The Art of Happiness starts out by defining the role of happiness in our lives:
I believe that the very purpose of our life is to seek happiness. That is clear. Whether one believes in religion or not, whether one believes in this religion or that religion, we all are seeking something better in life. So I think the very motion of our life is towards happiness…

Howard Cutler got the enviable assignment of sitting down for a series of meetings over a copule of years with the Dalai Lama, and the result is this book. The style is true east meets west as Cutler, a psychologist, seeks to combine his understanding of the mind with the spiritual practices of the tibetan buddhism practiced by the Dalai Lama.

The result is interesting, useful and highly readable. My favourite parts are the little stories from the Dalai Lamas own life, stories that show that he is a human being like everyone else who has managed through discipline and spiritual practice to make himself a very, very nice person. A person completely devoted to making others happy.

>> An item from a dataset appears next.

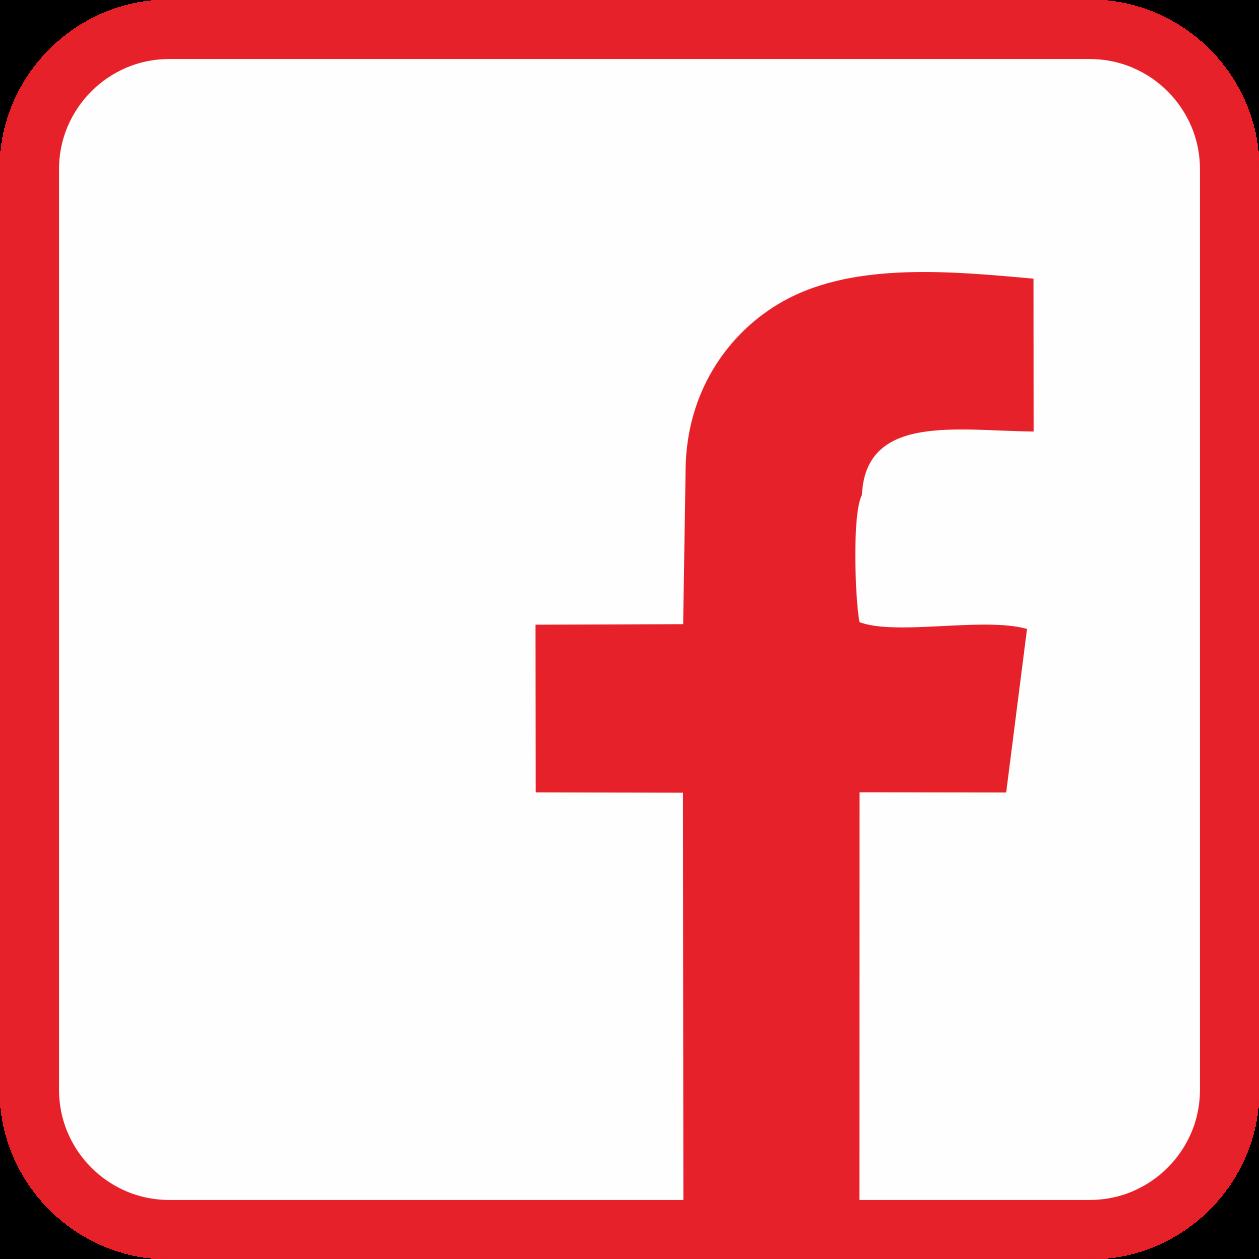 United States Social media marketing Facebook Advertising.

The book gives lots of advice on how to be happy, and it’s marked throughout by the Dalai Lama’s compassion for all humans, as well as by his ability to examine all sides of any issue. There is never any hint of condemnation of those who choose the wrong path. In the last part of the book, he says directly, that having many religions is a good thing, which can only be taken as an affirmation of the fact, that there is no one true religion.

Cutler manages to find many points where the Dalai Lamas teachings match with newer trends in western psychology which I find encouraging. This points to a merging or a convergence, which I believe will lead us to new insights not accessible through one system of thinking alone.

The advice given in the book is for the most part straight forward, easily understandable and logical. It may not be easy to follow, but then good advice doesn’t have to be. I recommend the book both for it’s examination of what makes people happy (and unhappy) but also for the glimpse it gives into the mind of the 14th. Dalai Lama.